Originally posted by: the Chase
Originally posted by: kenrippy
good post, and welcome to AT.
i'm glad to hear your thoughts on your experience w/ the 150 raptor. i have 2x 74gb raptors in raid 0. i'm not going to comment on whether it's worth it or not, but i have 2 benchmark screenies if anyone's interested.
single 74gb raptor on fresh xp pro sp2 install
IMAGE
2x 74gb raptors on fresh xp pro sp2 install
IMAGE
Thanks for the info! I'm debating on getting another 74GB raptor for RAID 0 to load my games on (OS will stay on another HD). Have you noticed any difference with application load times between the two setups? Not sure if you run any games or not but any feedback on game load times would be awesome!

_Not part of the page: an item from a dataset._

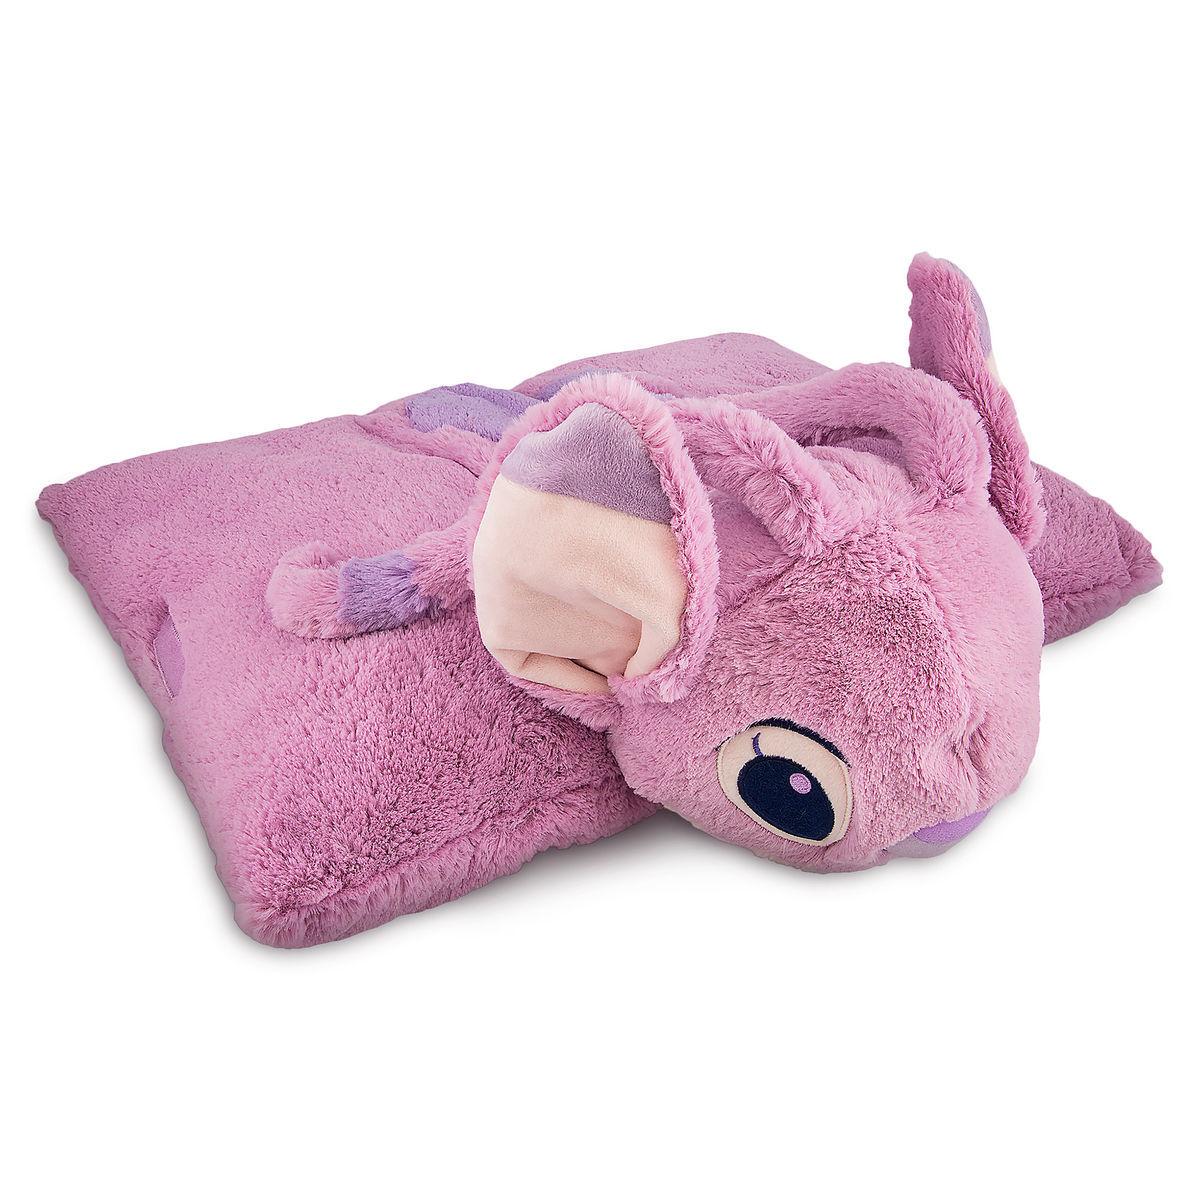 disney pillow pet angel plush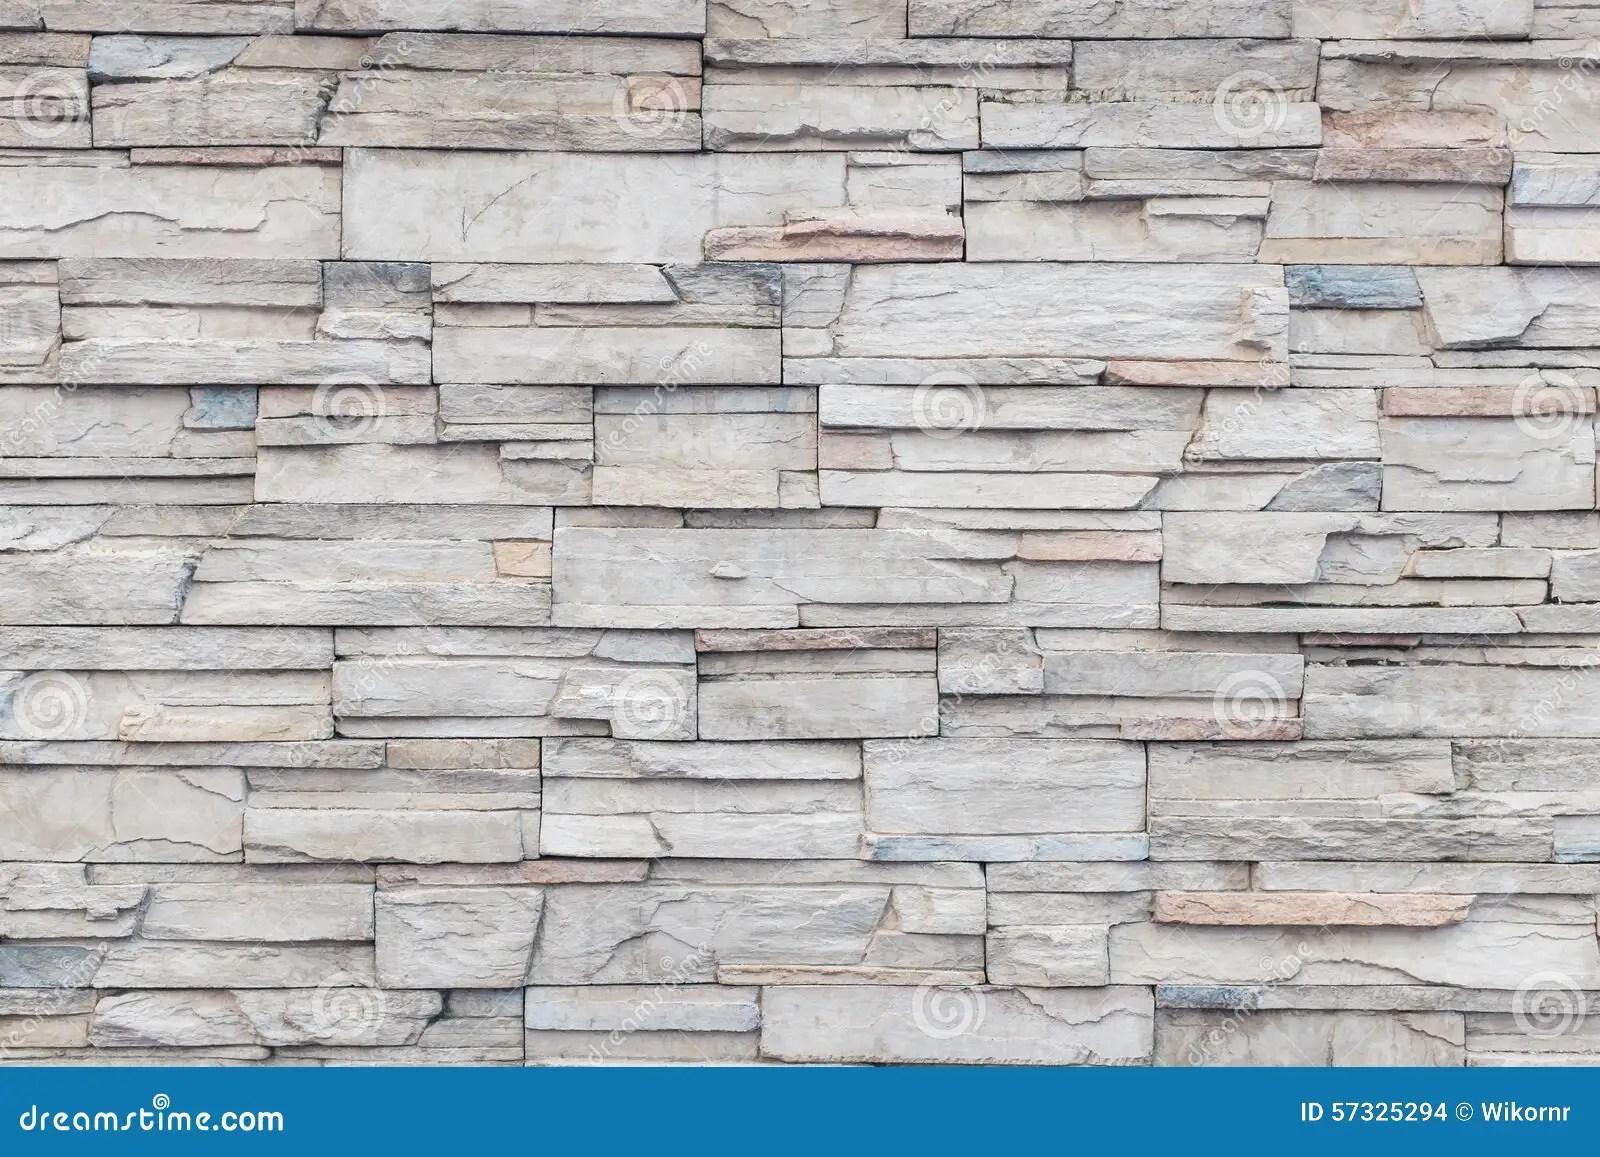 Wallpaper Batu Alam 3d Marble Brick Wall Texture Stock Photo Image 57325294

Originally posted by: Extelleron
If it's that bad......... I'll take it 🙂
Originally posted by: Continuity28
Originally posted by: Extelleron
If it's that bad......... I'll take it 🙂
Me too. Then I can RAID0 mine. 🙂
Originally posted by: spikespiegal
I still don't get what it is with all you RAID 0 freaks and game load times. Maybe if you get all the porn off your HD and defrag it once in awhile you wouldn't be having these problems 😀
RAID 0 needs to stand for 'zero fault tolerance'. I hope you don't have anything loaded on it that's critical because sooner or later one of the drives will glitch, and a few hundred gig of data will go 'see ya'.
Originally posted by: Pariah
No offense, but your benchmarks are worthless. Both HDTach and ATTO are inconsistent lowlevel benchmarks that tell you pretty much nothing about how a storage system will perform during actual usage.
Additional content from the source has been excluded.